J’oubliais de dire que je l’ai rencontré une fois cet après-midi. Qui l’aurait cru, il sait sourire ! Et ma foi, son sourire n’est pas mal du tout !


CHAPITRE XVII


Journal d’Yves Marin
(Extraits)
11 juin 1920

Je suis revenu au pays depuis hier après-midi et j’y ai retrouvé mon vieux Paul tout joyeux de mon retour. Il semble complètement acclimaté et filer avec Jeanne le plus parfait bonheur.

Tout l’après-midi il m’a entretenu de l’usine qu’il m’a fallu visiter de la cave au grenier et dans ses plus petits détails. Hier soir, souper intime entre mes deux pigeons amoureux. Grand Dieu ! peut-on réellement s’aimer encore de la sorte après tout près d’un an de mariage ? Je me demande comment cet heureux Paul, l’esprit occupé à son grand amour, a pu fournir la somme considérable de travail qu’a nécessité l’établissement de notre usine.

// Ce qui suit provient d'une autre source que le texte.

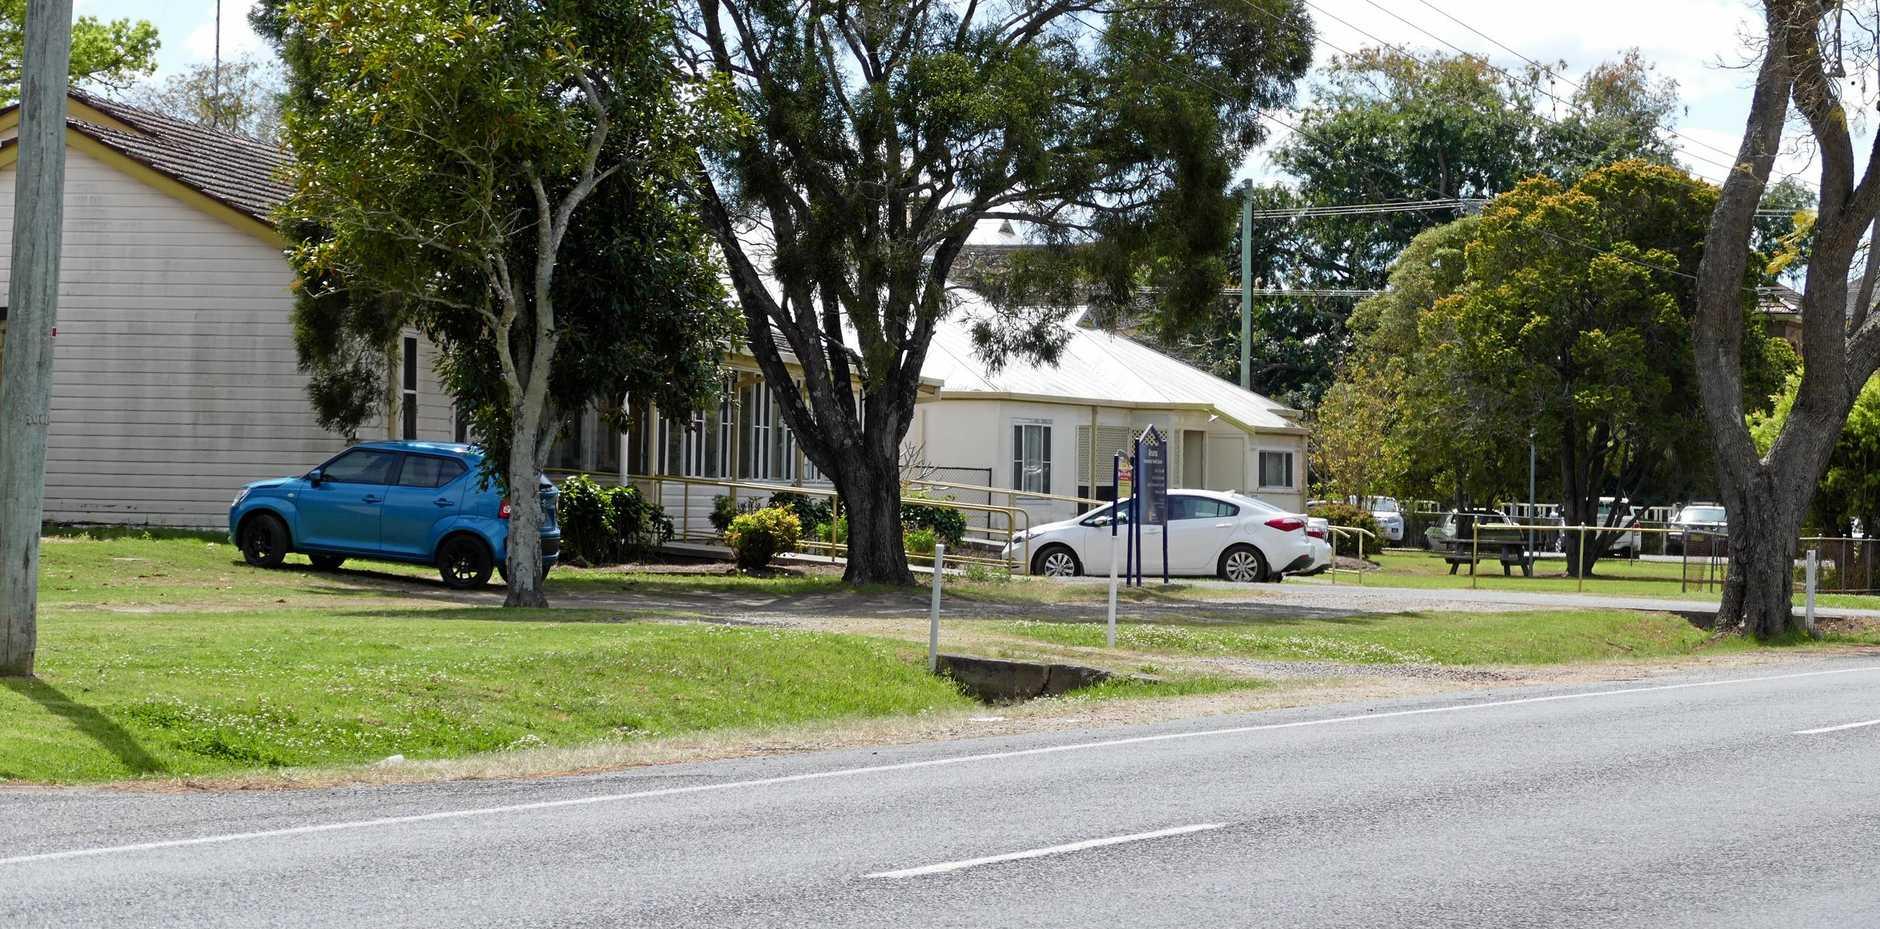 The Aruma buildings which house Grafton Community Health and the Aruma Dental Clinic.

Le malheur est que Paul et Jeanne, poussés par un sentiment de reconnaissance exagéré, ont juré de me faire au plus tôt goûter moi-même les joies de la vie à deux… Oui ! ces braves cœurs ont décidé de me marier, comme cela, tout naturellement… Ils ont même choisi, paraît-il, la future Madame Marin…

Aussitôt le souper terminé, Jeanne s’est retirée discrètement et alors Paul a commencé un éloge pompeux du bonheur de la vie à deux dont ils sont d’ailleurs le plus bel exemple. Et puis, naturellement, il a commencé à me parler de celle qu’il me destinait, oh ! bien discrètement, mais s’il faut l’en croire ce serait un petit prodige…

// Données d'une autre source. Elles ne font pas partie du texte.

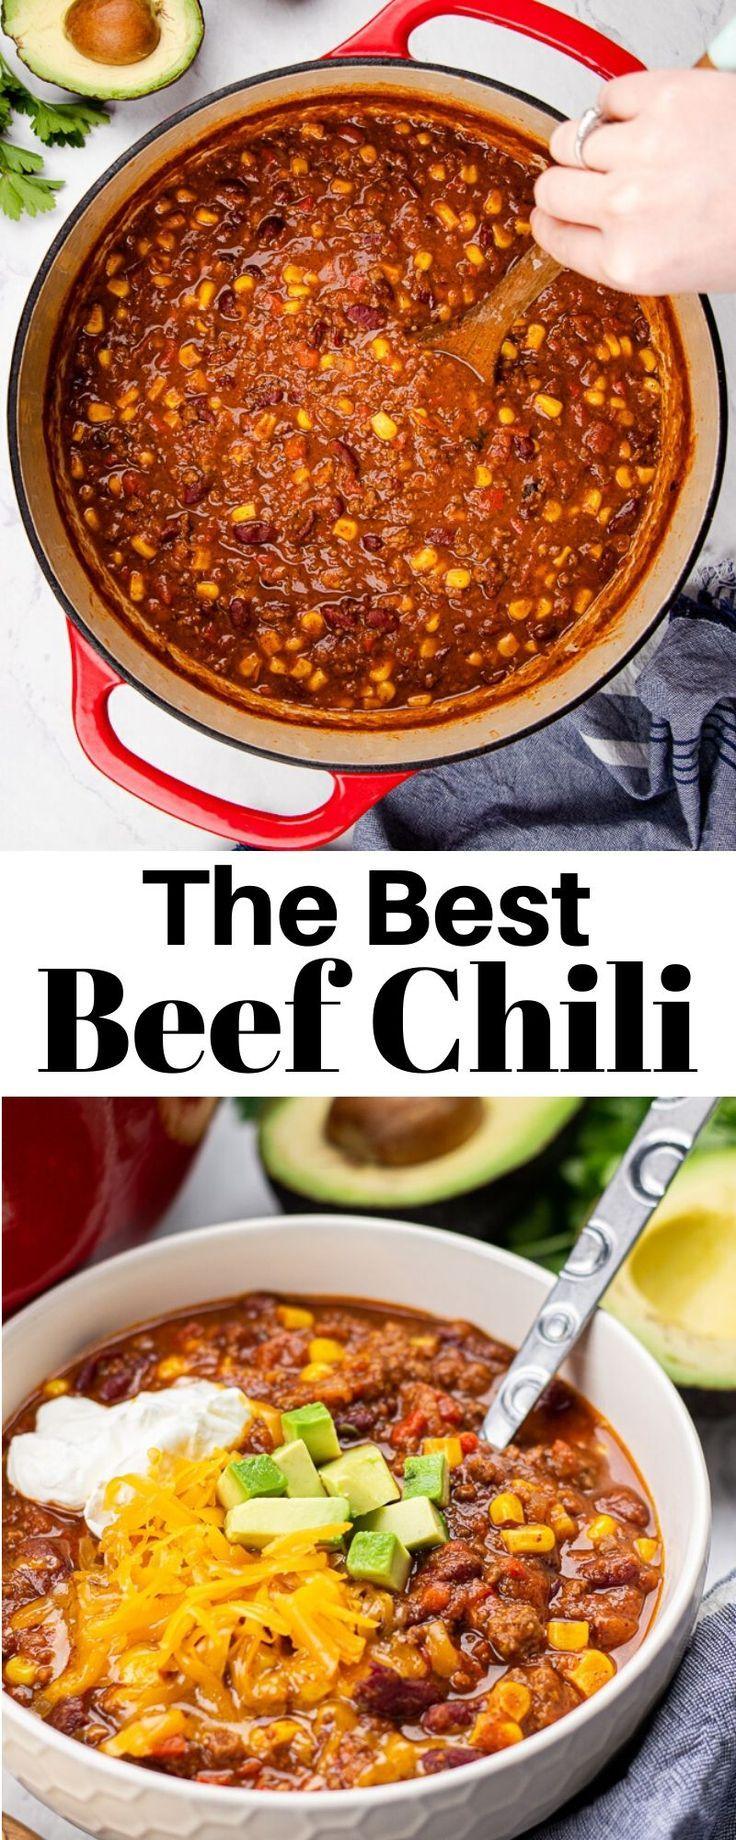 Best Beef Chili Recipe Veronika S Kitchen Recipe In 2020 Beef Chili Chili Recipes Beef Chili Recipe

Me marier ! Allons donc ! Quand on est si bien seul, faut-il être assez sot pour aller s’embarrasser d’une femme dont on devient infailliblement l’esclave et qui s’ingénue à nous faire faire notre purgatoire sur terre ! Quand je songe que c’est à cause d’une femme d’une petite femme frivole et insignifiante, que j’ai pris, il y a un an, le chemin de l’Europe, proscrit volontaire devant deux jolis yeux de poupée !!!

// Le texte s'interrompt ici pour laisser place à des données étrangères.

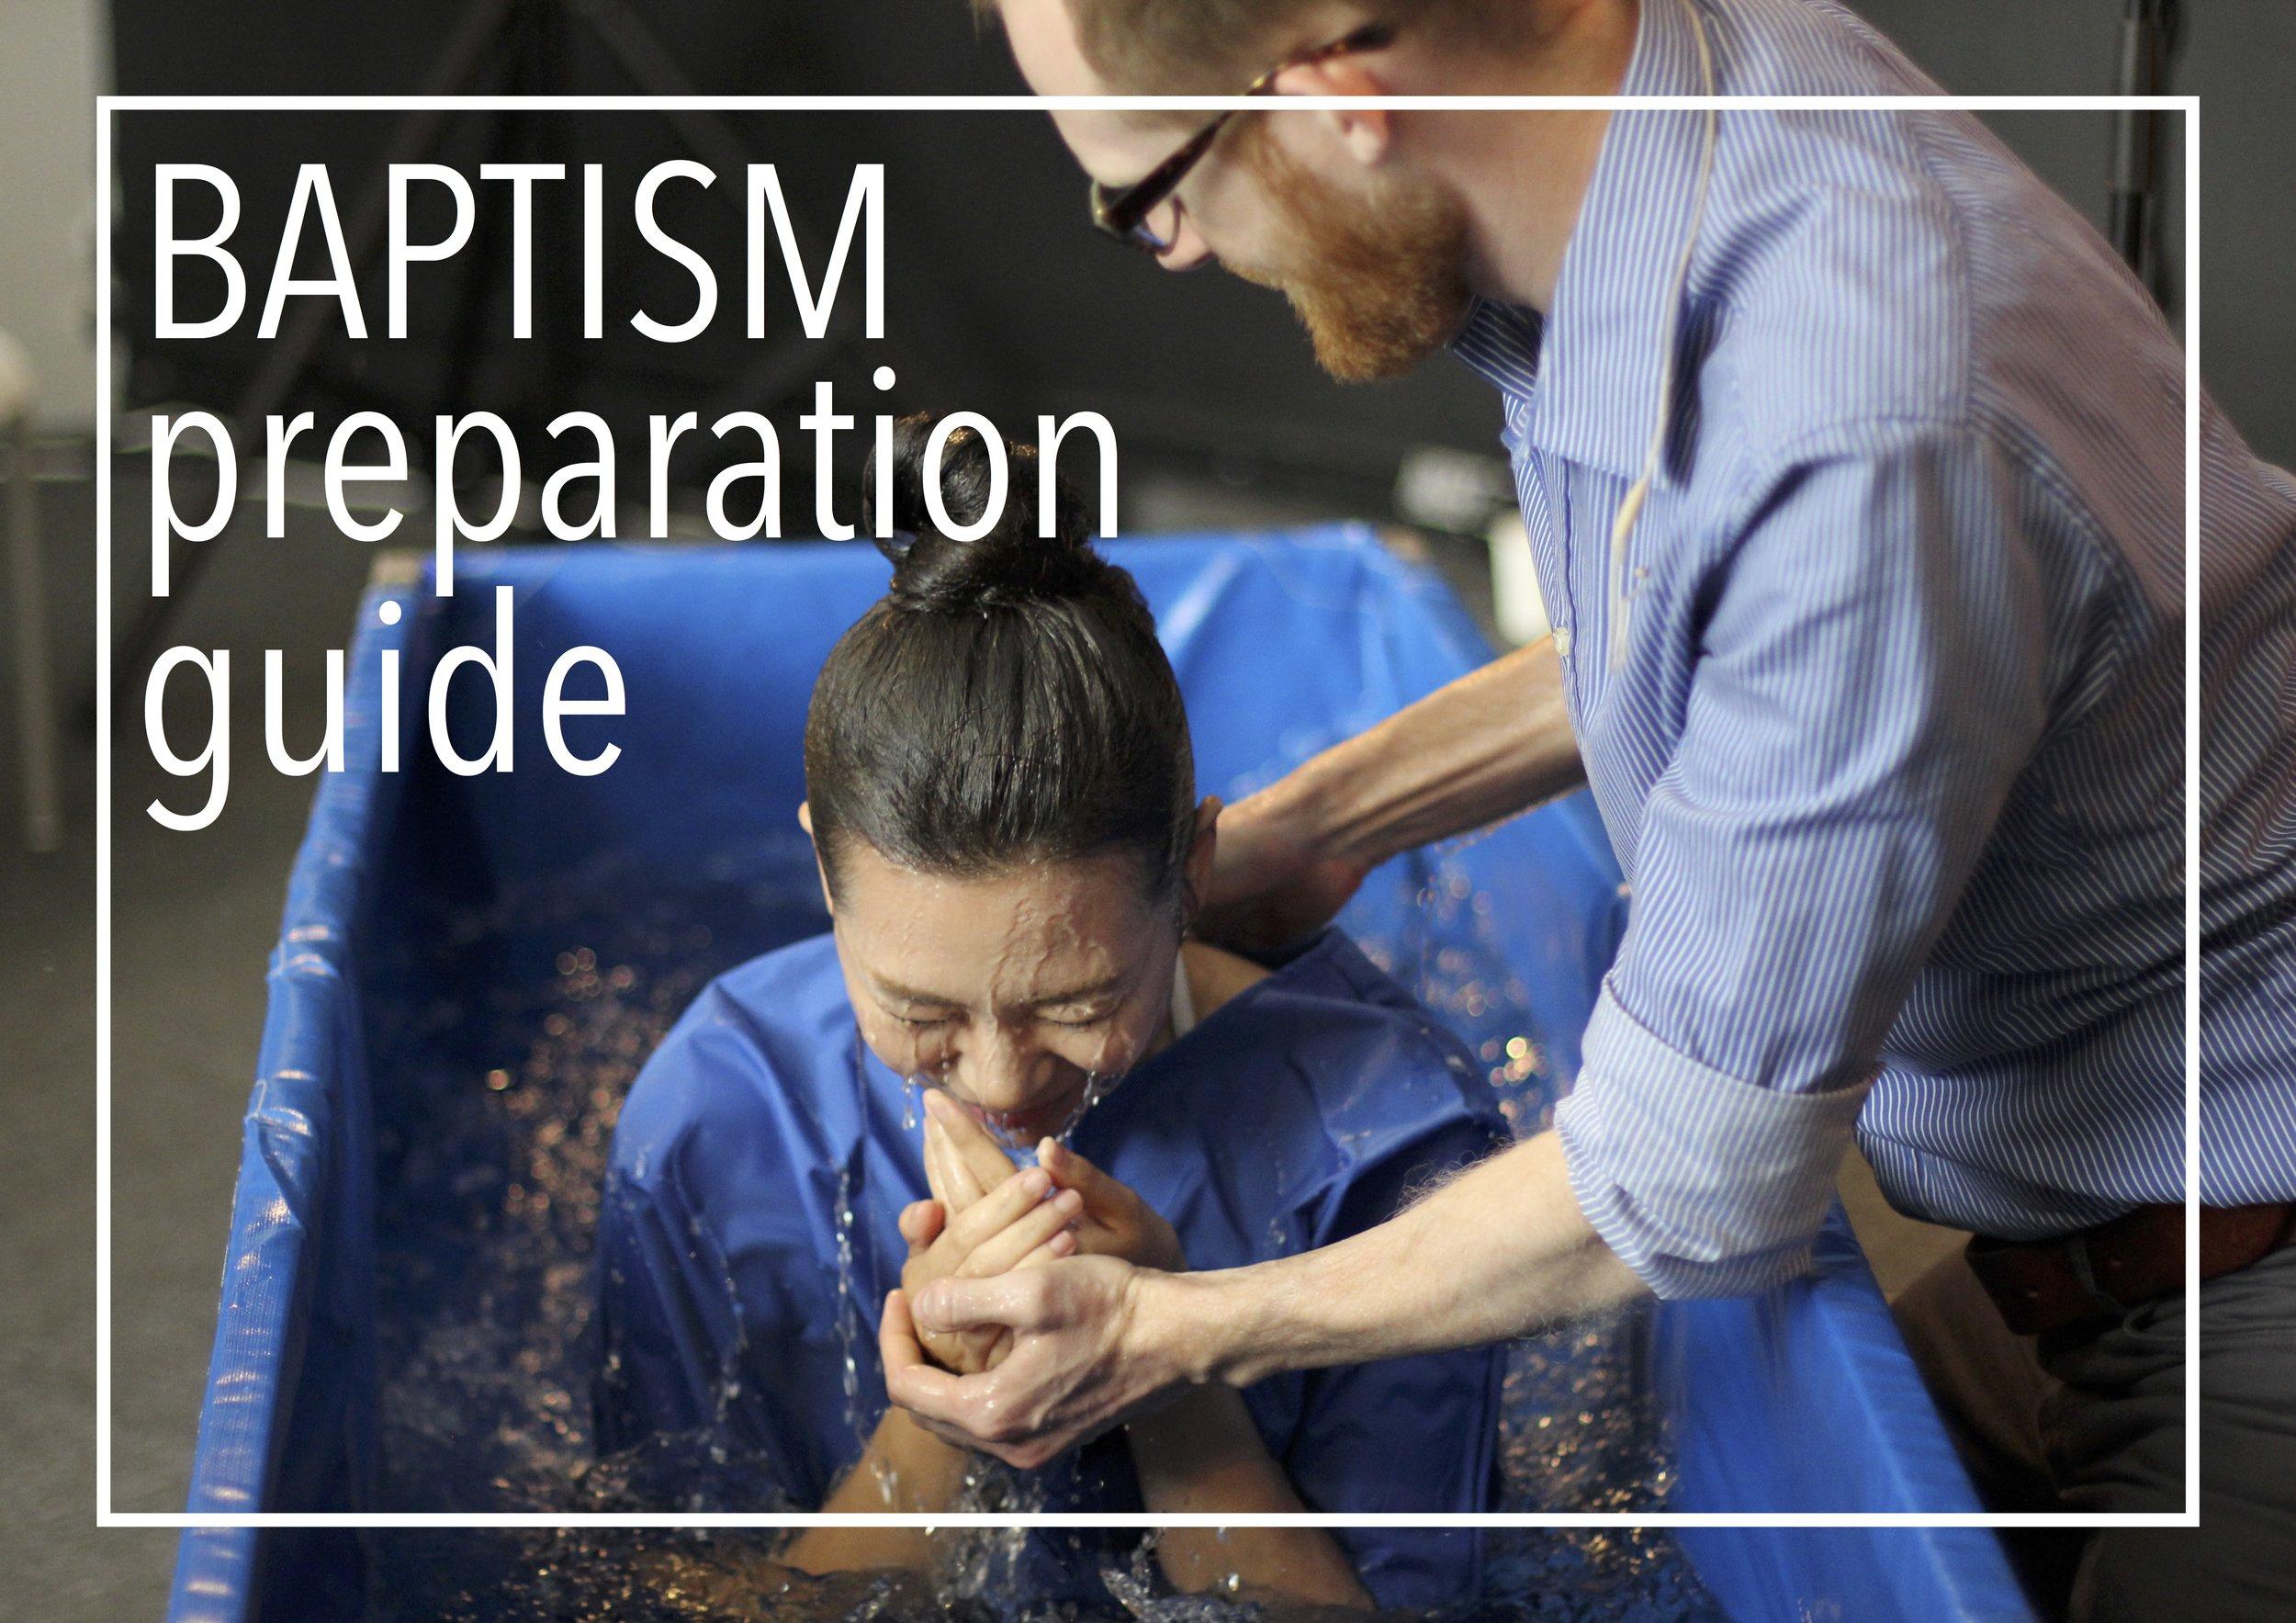 baptism guide pic jpeg.jpg

Heureusement je reviens bien guéri, bien cuirassé contre cette gente nuisible et la femme qui devra me séduire n’est pas encore née !

Plus tard, beaucoup plus tard, quand j’aurai dépassé la quarantaine, que je serai devenu un bon Monsieur bedonnant, il sera toujours temps de me mettre la corde au cou, de suivre le conseil de mon oncle. Je tâcherai alors de trouver une brave et solide campagnarde bien pratique, capable de me donner de beaux et forts enfants et de soigner mes rhumatismes. En attendant, je vais vivre quelque quinze ans de bonne liberté tranquille au milieu de cette campagne reposante tout en accumulant de nouvelles rentes pour adoucir les inconvénients de cette époque fatale.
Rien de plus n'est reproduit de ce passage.